Secara lebih rinci tujuan yang ingin dicapai adalah :
(1)   pasien dapat menjalani aktivitas normalnya, termasuk bermain dan berolahraga
(2)   gejala tidak timbul siang maupun malam hari
(3)   uji fungsi paru senormal mungkin, tidak ada variasi diurnal yang mencolok
(4)   kebutuhan obat seminimal mungkin dan tidak ada serangan
(5)   efek samping obat dapat dicegah agar tidak atau sesedikit mungkin timbul, terutama yang mempengaruhi tumbuh kembang anak
(6)   mencegah timbulnya serangan ulang
Sebelum memberikan pengobatan spesifik, beberapa prinsip umum pengobatan harus ditegakkan terlebih dahulu
(1)   asma adalah suatu keadaan menahun yang mengalami eksaserbasi.
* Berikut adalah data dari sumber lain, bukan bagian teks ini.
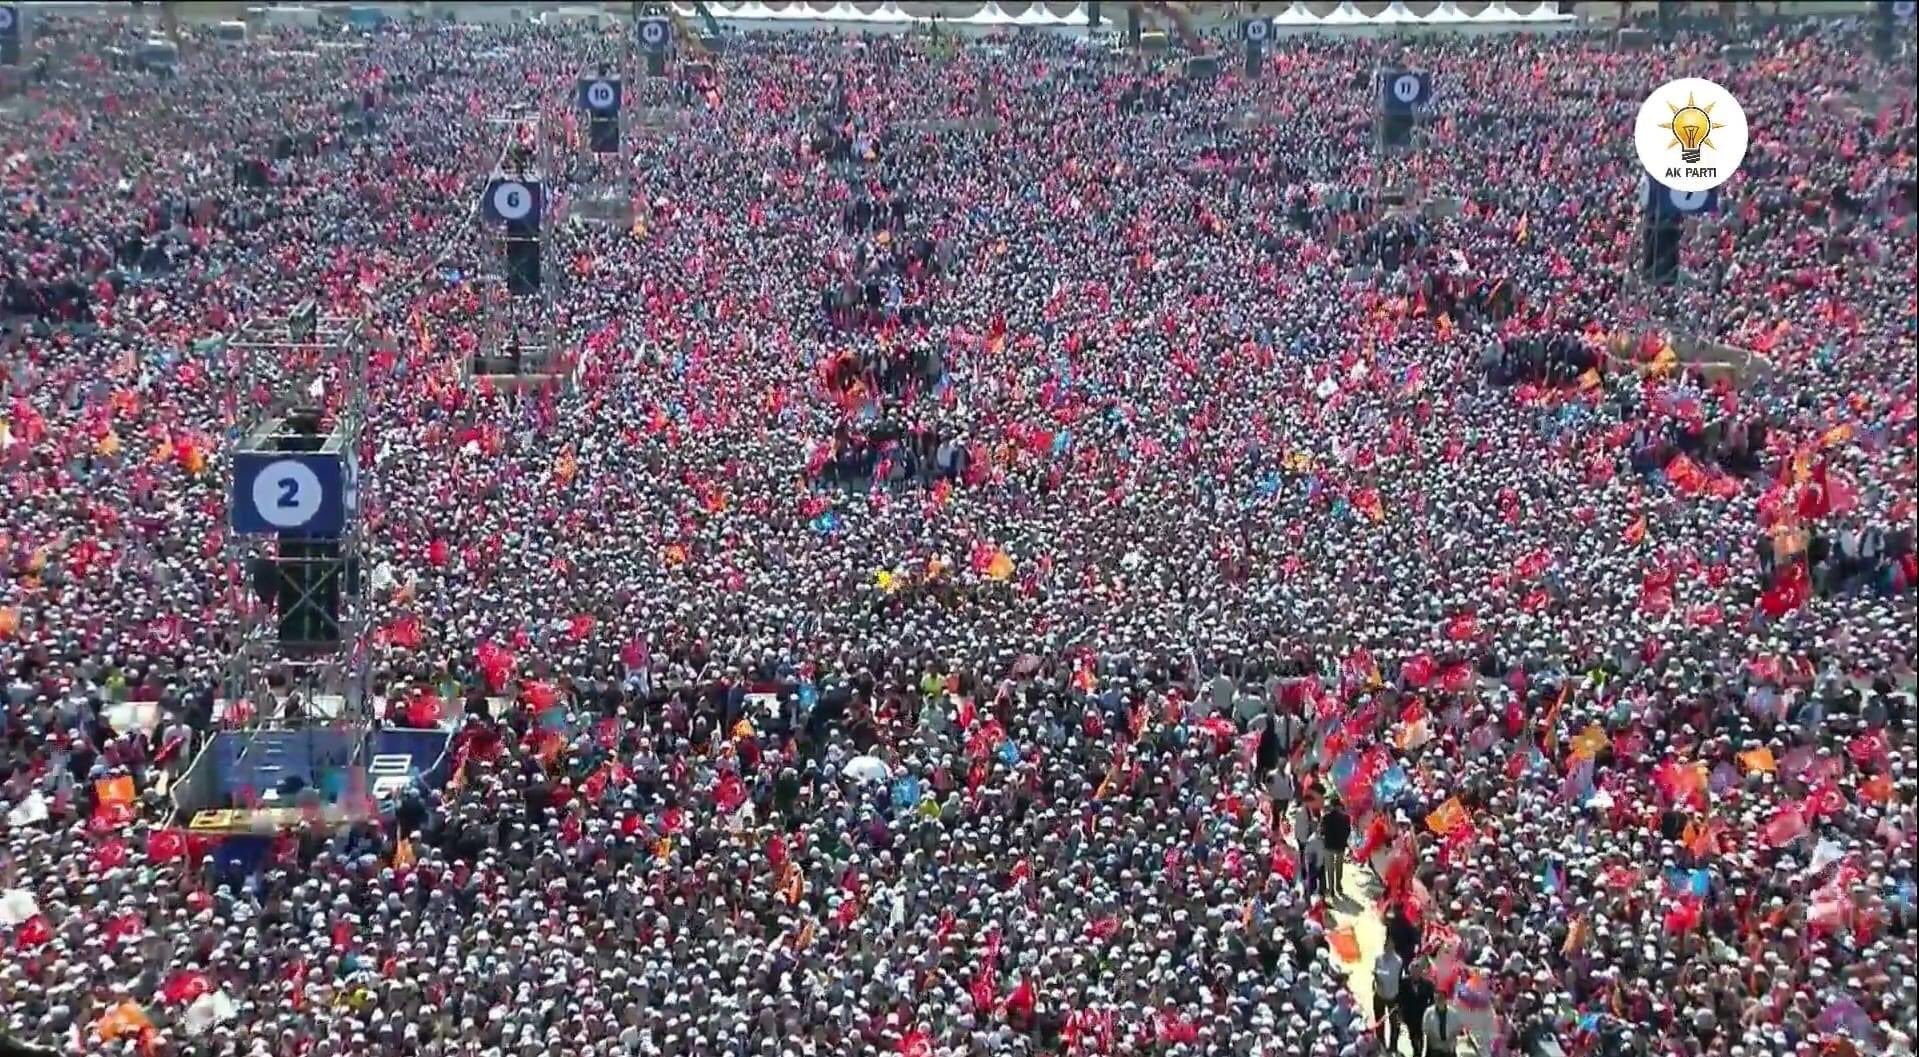 تجمع بشري مهول دعما لأردوغان في إسطنبول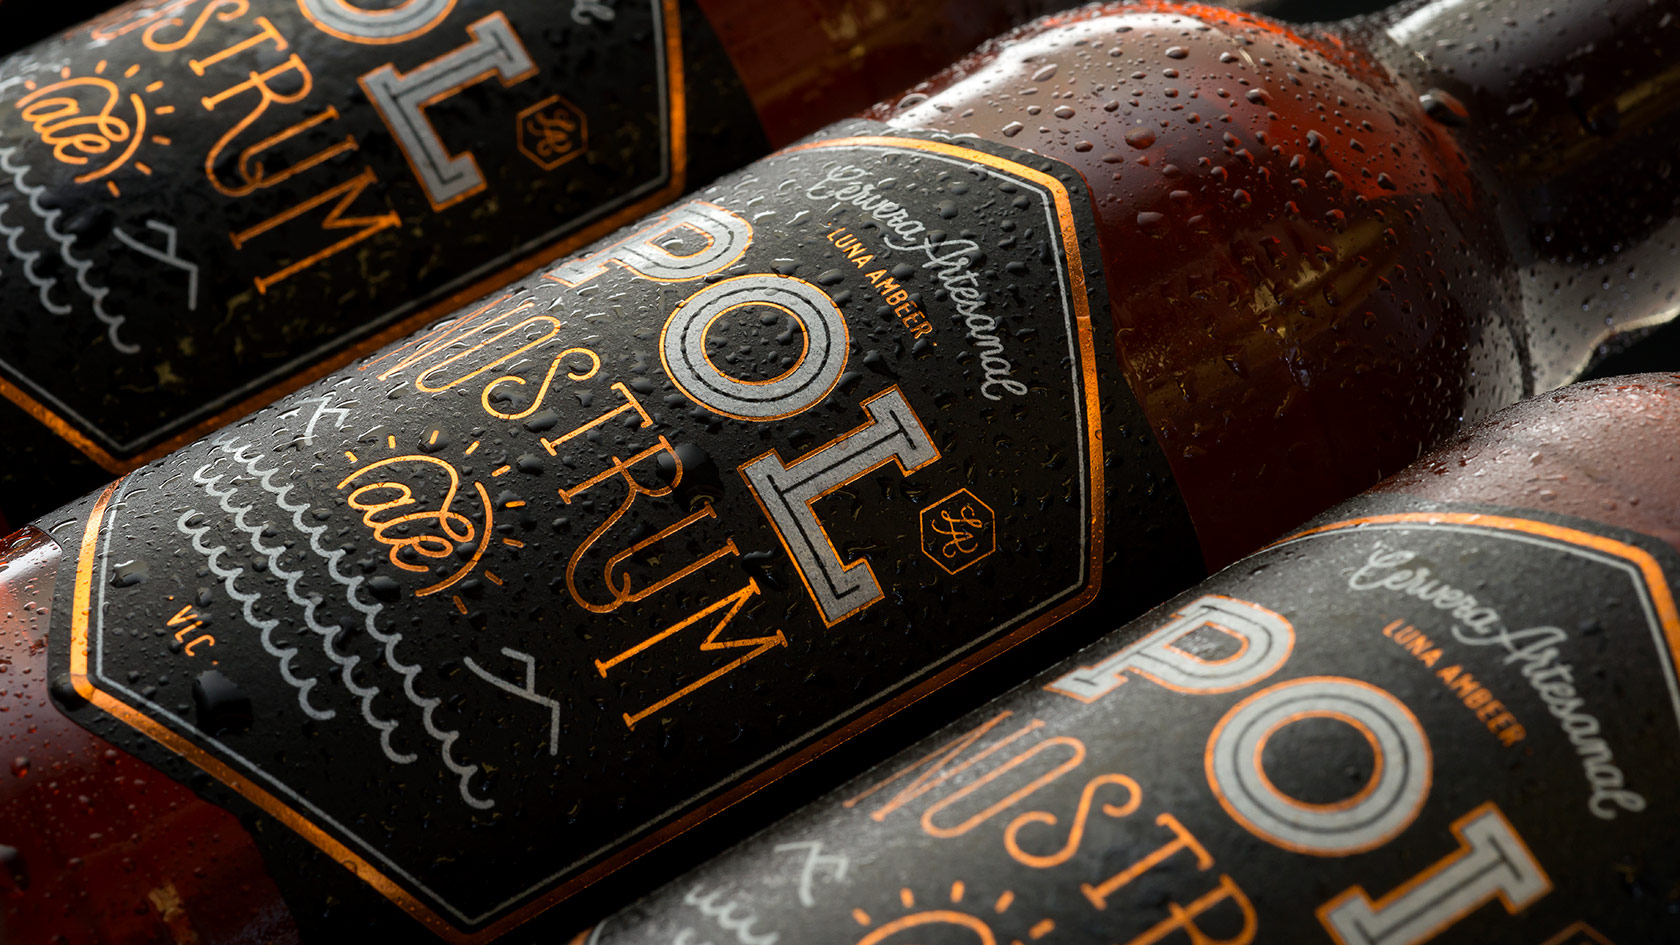 Diseño de logotipo cerveza Pol Nostrum Ale - Diseño de packaging cerveza - Diseño de lettering - Diseño de etiquetas para botella de bebida - Estudio de diseño Valencia Pixelarte

Pengobatan yang diberikan harus berkesinambungan, mampu menghilangkan keluhan, dan mencegah kekambuhan serta mampu menekan timbulnya proses peradangan menahun pada saluran napas
(2)   mencegah timbulnya eksaserbasi akut merupakan prinsip pengobatan yang amat penting, menghindari faktor pencetus bagi penderita yang alergi. Bagi kelompok yang toleransinya rendah terhadap latihan jasmani, serangan asma malam hari yang berulang, terutama penderita asm aringan sampai sedang, pemberian obat anti asma secara teratur merupakan hal yang mutlak, terutama obat-obatan yang mempunyai sifat anti radang
(3)   pengobatan asma harus didasarkan pada mekanisme patofisiologi yang menyebaban timbulnya serangan asma, yang ditekankan pada bagaimana timbulnya peradangan saluran pernapasan tersebut. Bila demikian, maka pengobatan ini harus mampu menekan komponen-komponen keradangan yang menyebabkan timbulnya keluhan penderita. Jadi, yang diharapkan ialah bagaimana pengobatan tersebut dapat menekan timbulnya hyperresponsiveness saluran pernapasan dan mencegah timbulnya obstruksi yang tidak dapat pulih kembali (irreversible airway obstruction)
(4)   berkeyakinan bahwa pengobatan tersebut dapat menyembuhkan serangan eksaserbi akut sehingga dapat menghindari penyempitan saluran pernapasan lebih lanjut
(5)   pengobatan asma merupakan tindakan yang melibatkan banyak hal, antara lain penyuluhan (edukasi) penderita, pengawasan lingkungan, dan pemakaian obat-obatan guna mengawasi secara objektif perjalanan penyakit tersebut
Penatalaksanaan asma dibagi menjadi dua, yaitu secara medikamentosa dan non-medikamentosa. Secara optimal, pengobatan non-medikamentosa harus dilakukan pada penyakit asma, dan tindakan tersebut meliputi :
(1)   penyuluhan mengenai penyakit asma kepada keluarga
(2)   menjauhi bahan-bahan yang dapat menimbulkan serangan asma dan faktor pencetus timbulnya asma
(3)   imunoterapi berdasarkan kelayakan
penderita asma, sesuai dengan batasannya mempunyai kepekaan yang berlebihan pada saluran pernapasan. Oleh sebab itu, menjauhi paparan bahan iritan adalah mutlak. Bahan iritan dan alergen dapat menimbulkan keluhan akut dan juga meningkatkan hyperresponsiveness saluran pernapasan. Gas iritan yang tidak spesifik meliputi asap rokok, debu, bau yang berlebihan, polusi bahan pabrik dan polusi yang berasal dari lingkungan. Pada orang alergi, bahan-bahan tersebut dapat menimbulkan asma dan cara pencegahan yang paling baik ialah menghindari kontak dengan bahan-bahan tersebut. Pengobatan imunoterapi dapat diberikan.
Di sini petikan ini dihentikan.